Although originally intended for having 6,000hp, the actual engine (the EMD 265-H or simply "H" engine) wasn't fully developed in-time during the overall introduction and beginning of production. Thus, early units were fitted with a standard EMD 710 series engine generating 4,300hp and served as a temporary "filler" until the "H" engine became available (and were then eventually offered); making them "convertible": being capable of easy conversion or modification (though, the Union Pacific; being the first customer, dealt with such issue).
Almost from the start the EMD SD90MAC's 6,000hp 16-cylinder 265 "H" engine (known as the EMD 265-H) began to reveal some of its numerous flaws. Such as "teething" issues with the cylinders, crankshaft failures, as well as having the entire engine shut down due to overheating the entire cooling system (although the cooling system was originally guaranteed to be successful for the "H" engine; but wasn't.
Hence, the latter converted 4,300hp SD90MAC units being referred to as the "SD9043MAC", aside from non-265-engined units who never received the 6,000 UP has begun the process of renumber all 8000 series SD9043MAC's to make room for new ES44AC's.
The SD9043MACs will reside in the 3400 and 3500 series.
As of September 2014 NS is to buy 100 former UP SD9043MAC's via EMD. The numbers will be 7230-7329. The units will be pressed into service but later be rebuilt to essentially SD70ACe's in SD90 carbodies.
As of September 2013, an EMD/ELMX SD90MAC-H II has been placed under Cummins ownership.
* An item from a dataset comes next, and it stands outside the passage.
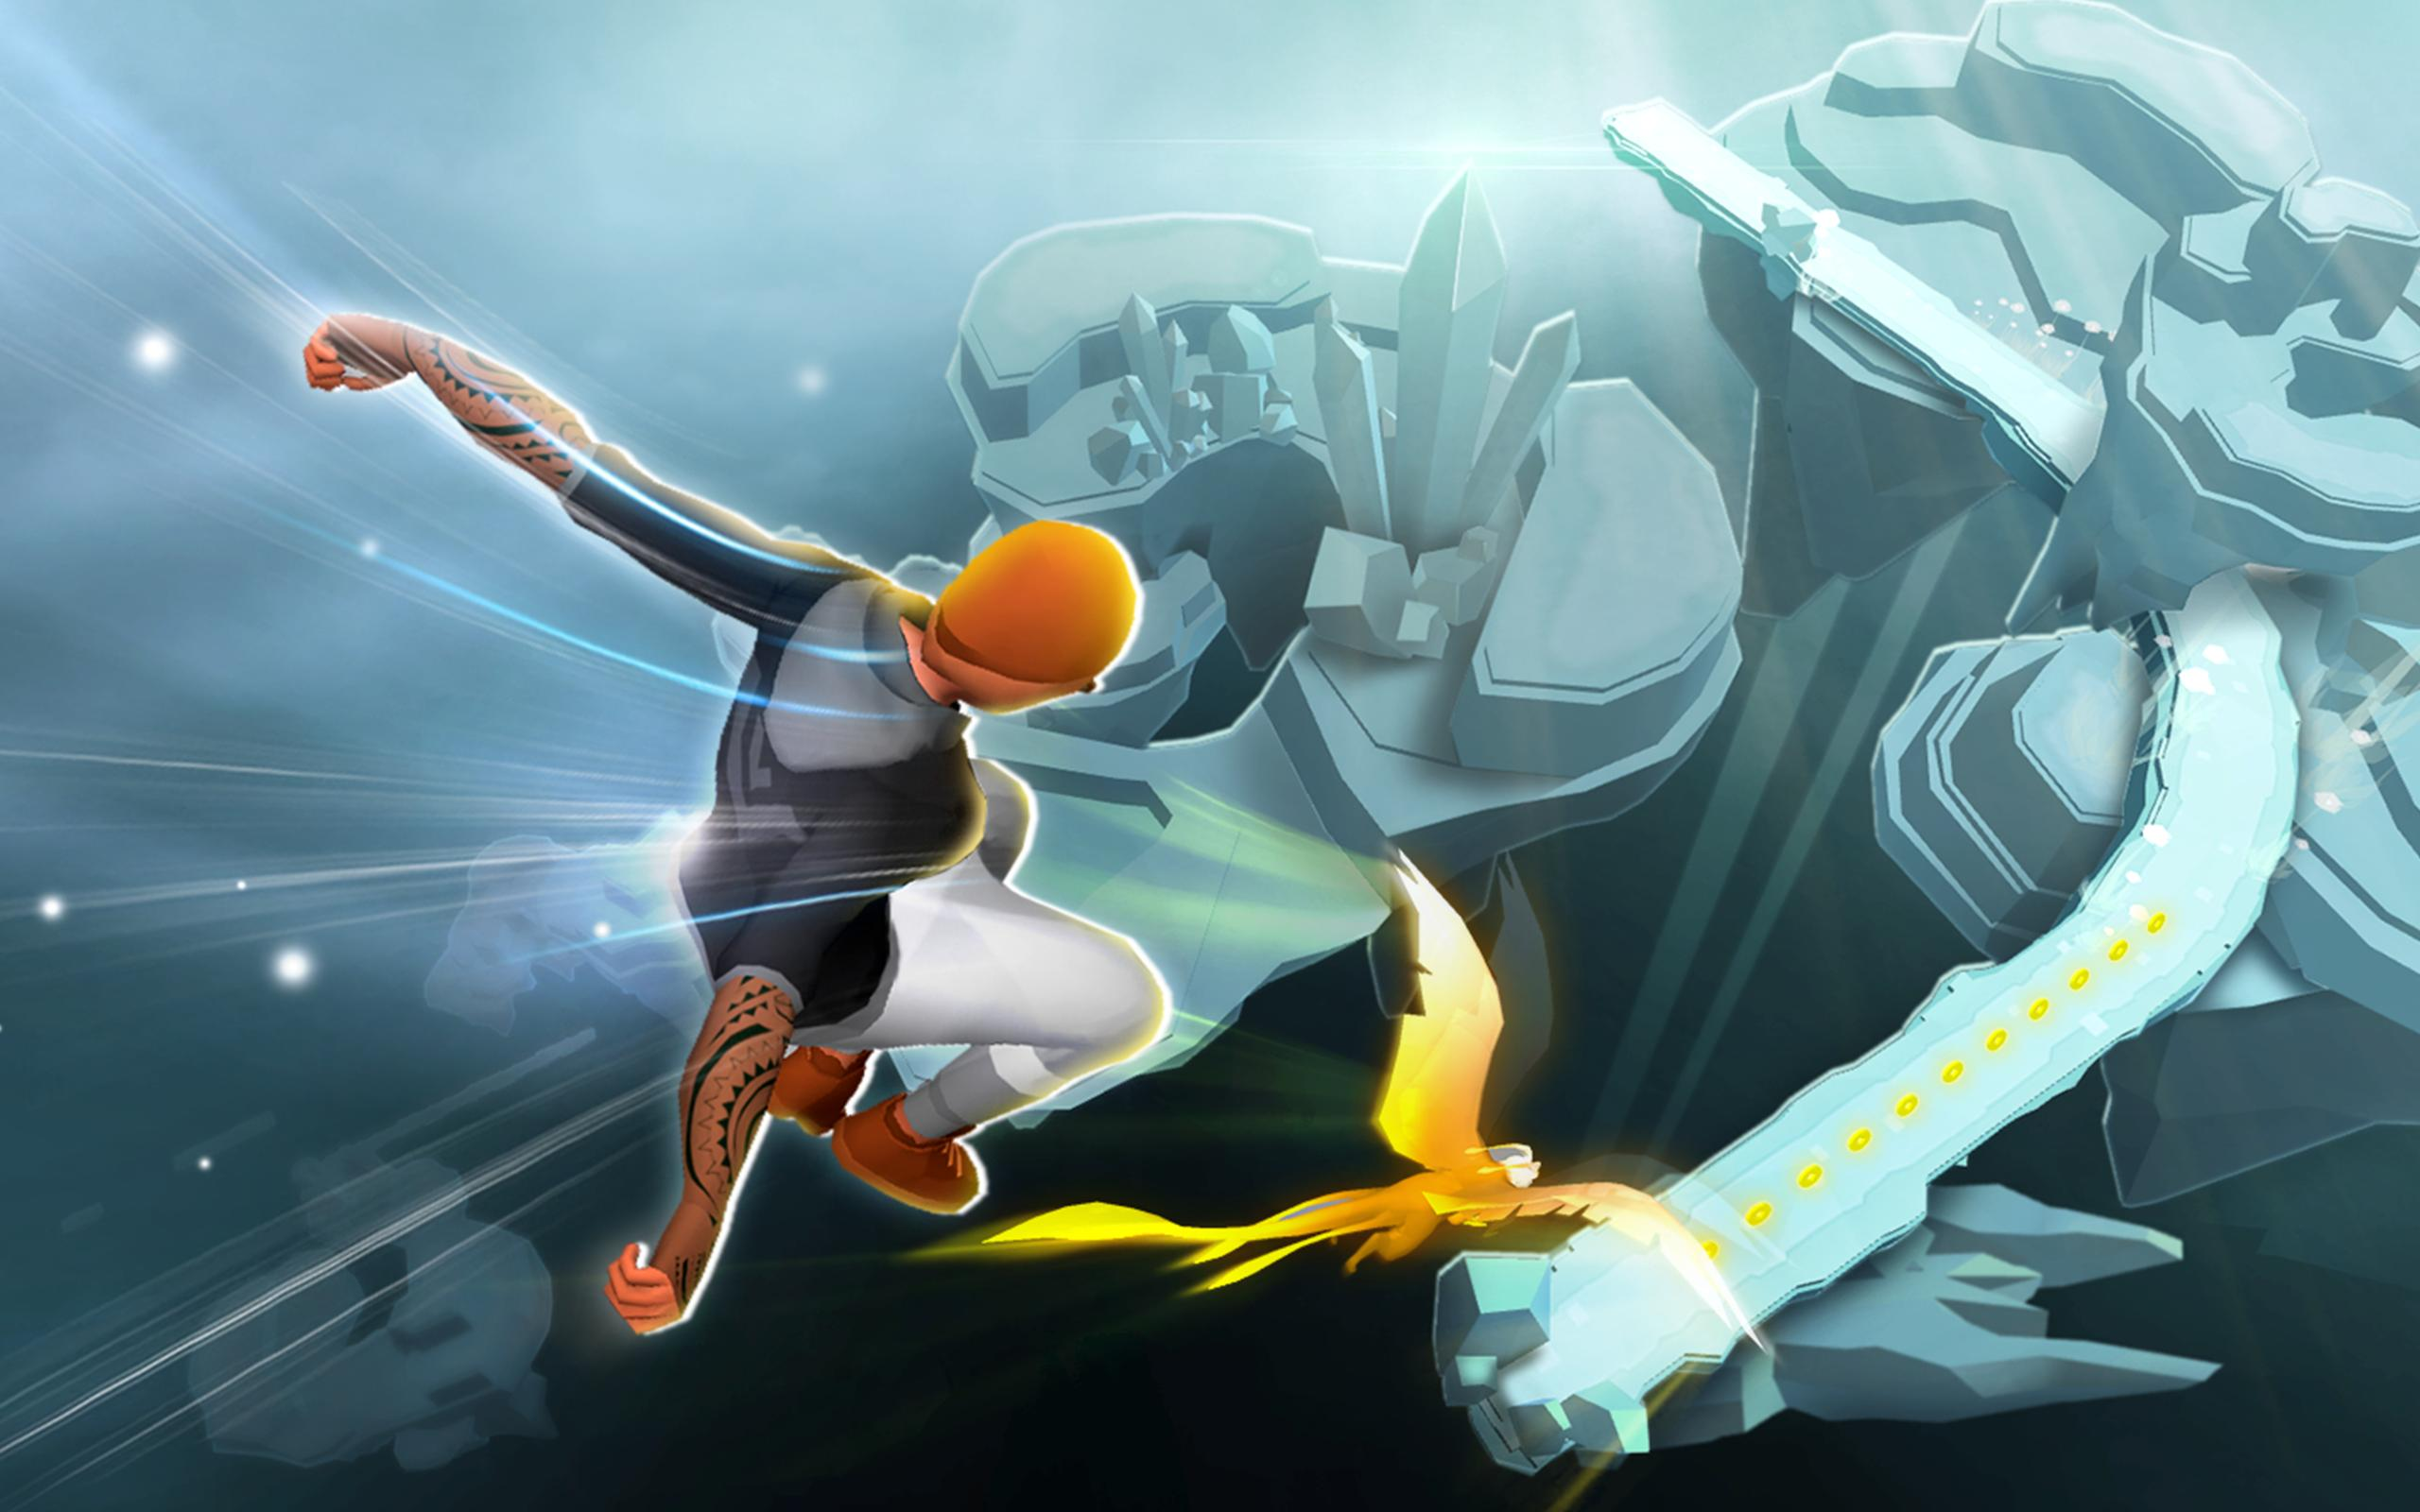 Sky Dancer Run - Running Game 4.2.0 Screenshot 16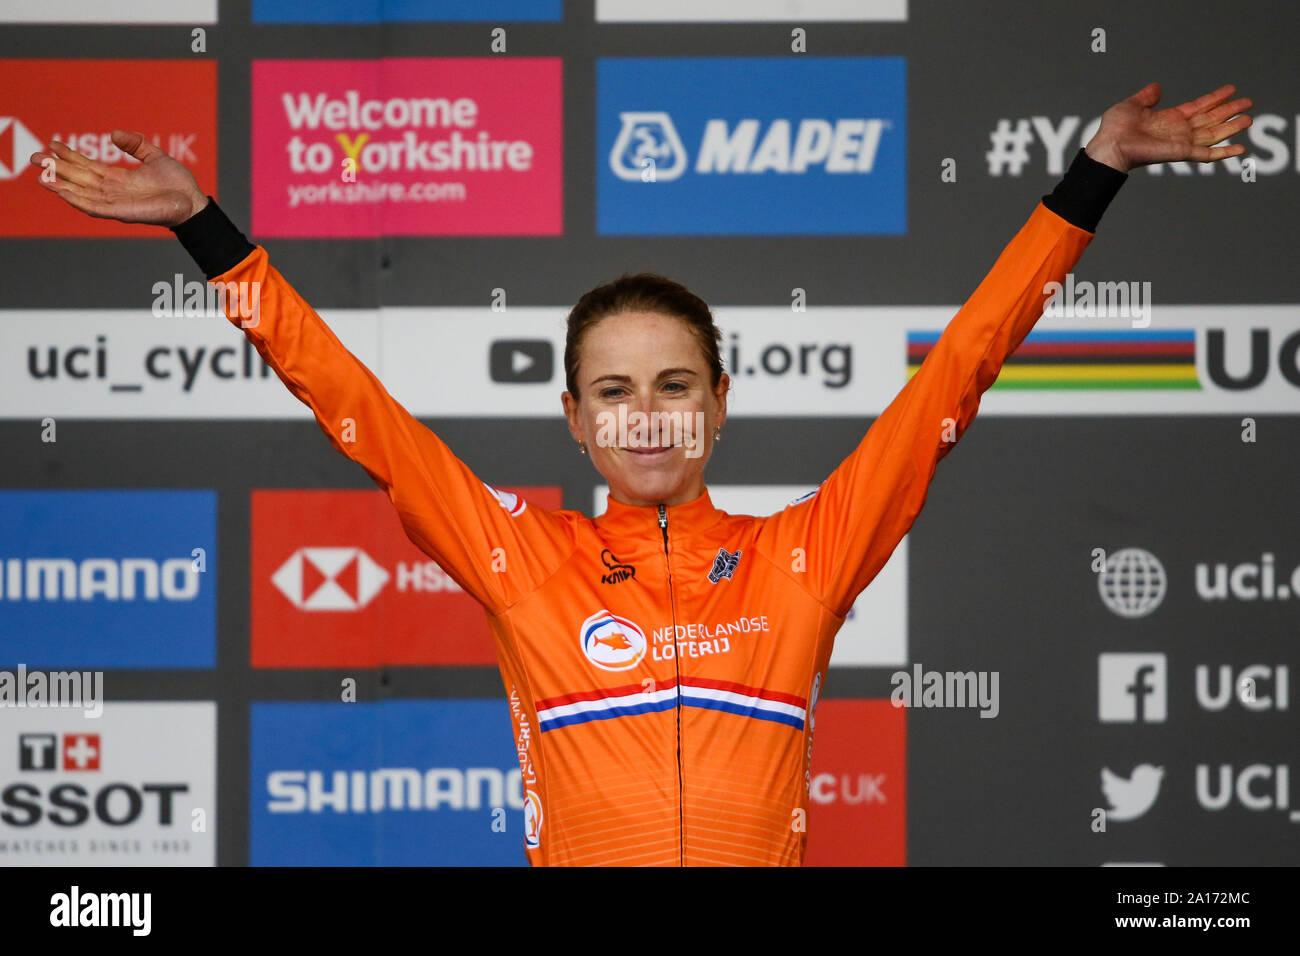 Harrogate, UK. 24th September 2019. 2019 UCI Road World Championships Womens Elite Individual Time Trial. September 24, 2019 Credit Dan-Cooke/Alamy Live News Stock Photo

The unit will receive a QSK95 prime mover (this is first QSK95 powered locomotive) that will be installed by Sygnet Rail Technologies. The locomotive will be EPA Tier 4 compliant, and rated at 4,200 hp. The unit will test on INRD starting in 2014.
Later on in production, EMD began producing several experimental versions of the SD90MAC (one leading towards the development of the SD70ACe); such as the SD89MAC. Yet none were successful, but inspired ideas and the design for the SD70ACe and having an improved cab (which was eventually used as the actual cab for the SD70ACe; aside from its DC counter-part). Thus, creating the "Phase 2" SD90MAC-H which had an improved cab, a permanently-installed "H" engine (being non-convertible) and having different rear hood design which helped with previous cooling issues for the cooling system.
Although intended to be far more successful than the original, the SD90MAC-H was actually less successful and had a much more deplorable performance.
The SD90MAC is often nicknamed "The Big Mac" by railfans, as well as being known or pronounced as the SD90 "Mac". (Like with the SD80MAC, SD70MAC, and SD60MAC.)
Union Pacific SD9043MACs 8000-8308 are currently being renumbered to 3470-3775.
Union Pacific SD9043MAC 3483 was repainted in the new Z stripe paint that's used on other Union Pacific locomotives, especially the repaints.
Leasing and rebuilding companies such as PRLX and NREX have rebuilt and scrapped various retired SD90MAC units.
The SD90MAC was also produced for EMD's unceremonious 75th anniversary.
The EMD SD90MAC is considered to be one of the more unsuccessful locomotives produced by EMD.